Venezia 79 | Pearl di Ti West è ad oggi il miglior horror sul lockdown
Dopo essersi sdoppiata tra una nuova stella del porno (Maxine) e la moglie di un vecchio contadino avvizzito che sperava ancora essere oggetto del suo desiderio, Mia Goth (qui anche co-sceneggiatrice e produttrice) torna nel ruolo di Pearl nel nuovo film di Ti West, prequel dell’acclamato X - A Sexy Horror Story, mettendone in scena la giovinezza nel 1918. Prima con grande moderazione, cercando di essere la persona che sua madre vorrebbe che fosse, che il suo sposo, lontano a causa della guerra, vorrebbe che fosse, che i film e la società di quel periodo vorrebbero che fosse. E poi sempre di più allontanandosi da quei modelli che non sono i suoi e lasciandosi vincere dalle pulsioni violente che non riesce a trattenere, aggravate da una solitudine estrema imposta dalla diffusione dell’influenza spagnola, che costringe la ragazza a casa insieme alla severissima madre e al padre ormai immobile e (apparentemente) incosciente. I problemi di Pearl si fanno sempre più visibili a causa di questa lontananza dalle altre persone, al punto da rendere quello di Ti West il miglior horror (ad oggi) realizzato sul lockdown e sulle sue conseguenze, sulla paura di non poter mai più uscire da quell’isolamento o, peggio, di uscirne e scoprire che si è rimasti indietro rispetto a tutti gli altri (non a caso il film è stato pensato durante il periodo di stop alle produzioni causato dal Covid). Il vero obiettivo di Pearl è però un altro ed è quello di far cambiare il giudizio dello spettatore su quanto raccontato nel film originale ambientato alla fine degli anni Settanta. Quell’ageismo che permeava X trova, alla luce di questo prequel, un senso tutto diverso, riconfigurandosi come il culmine di una lunga esistenza trascorsa perennemente bramando il piacere fisico senza mai ottenerlo. Pearl, di fatto, finisce quindi per migliorare X essenzialmente svelando tutte le carenze e la repressione che hanno fatto impazzire la donna, restituendo profondità psicologica ad un personaggio che prima non ne aveva.

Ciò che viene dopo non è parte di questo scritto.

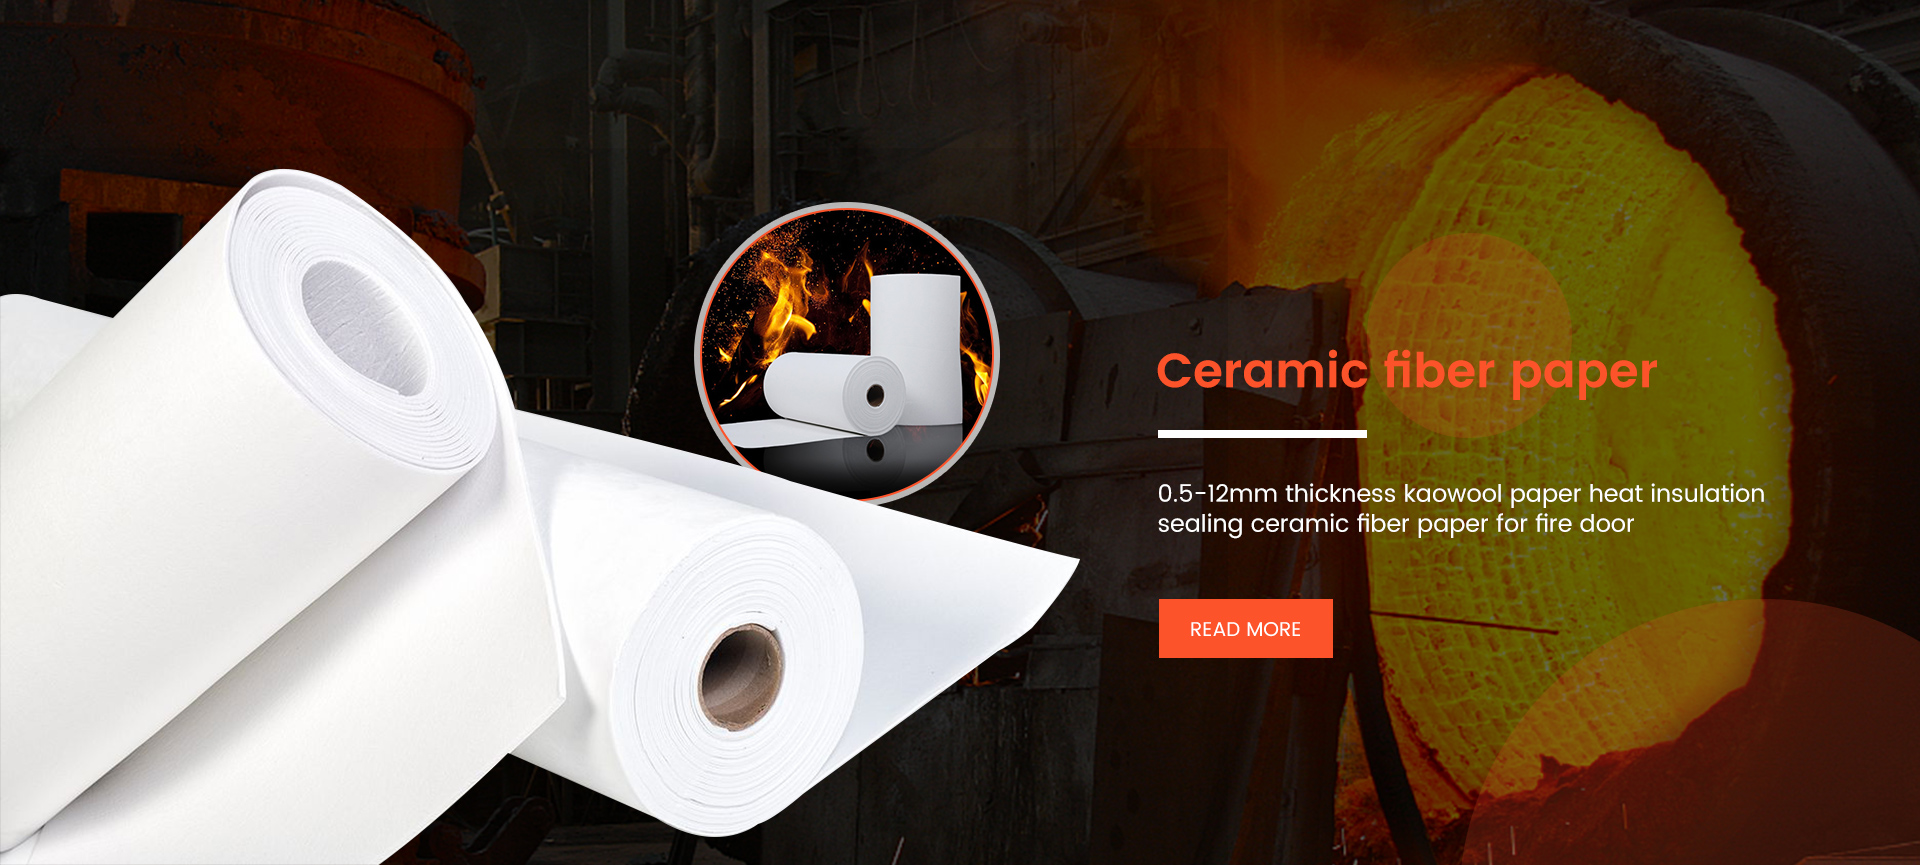 Ceramic fiber products

Se il modello di X era il Tobe Hooper di Texas Chainsaw Massacre, quello di Pearl è What Ever Happened to Baby Jane? di Aldrich. E se il primo film si adeguava alla hagsploitation, ovvero al vizio del cinema dell’orrore di associare l’immagine della donna anziana a quella di una strega non più in grado di produrre vita, ma solo di essere simbolo della fine e del decadimento, questo prequel ribalta il punto di vista e ci racconta un contesto, quello hollywoodiano, dove si è vecchie fin dall’adolescenza, in cui anche a vent’anni bisogna rincorrere sempre chi è “più giovane e più bionda”. Un ambiente in cui il destino delle ragazze è già segnato e non concede deviazioni, come d’altronde è già segnato il cammino della protagonista, che conosciamo dal precedente film. Pearl, nel suo aspetto vivido da fiaba Disney, idealizza la realtà bucolica nel quale si svolge e rimanda ai musical cinematografici degli anni Trenta e Quaranta e ai melò di Douglas Sirk. Ma sotto questa patina, spente le luci del palco dove si esibiscono le ballerine e le flapper, già brulica il fiorente commercio della pornografia, che poi X tratterà in maniera più estensiva. Ancora una volta, nel cinema metatestuale e piantato con i piedi nel secolo scorso (non tanto per nostalgia, ma per esigenza di mimesi) di Ti West, è l’immagine filmica ad anticipare ciò che poi accadrà ai personaggi (d’altronde i sogni di Pearl sono proiezioni cinematografiche delle sue aspettative). Il fotogramma inteso come premonizione, come indizio del futuro già irrimediabilmente fissato su pellicola.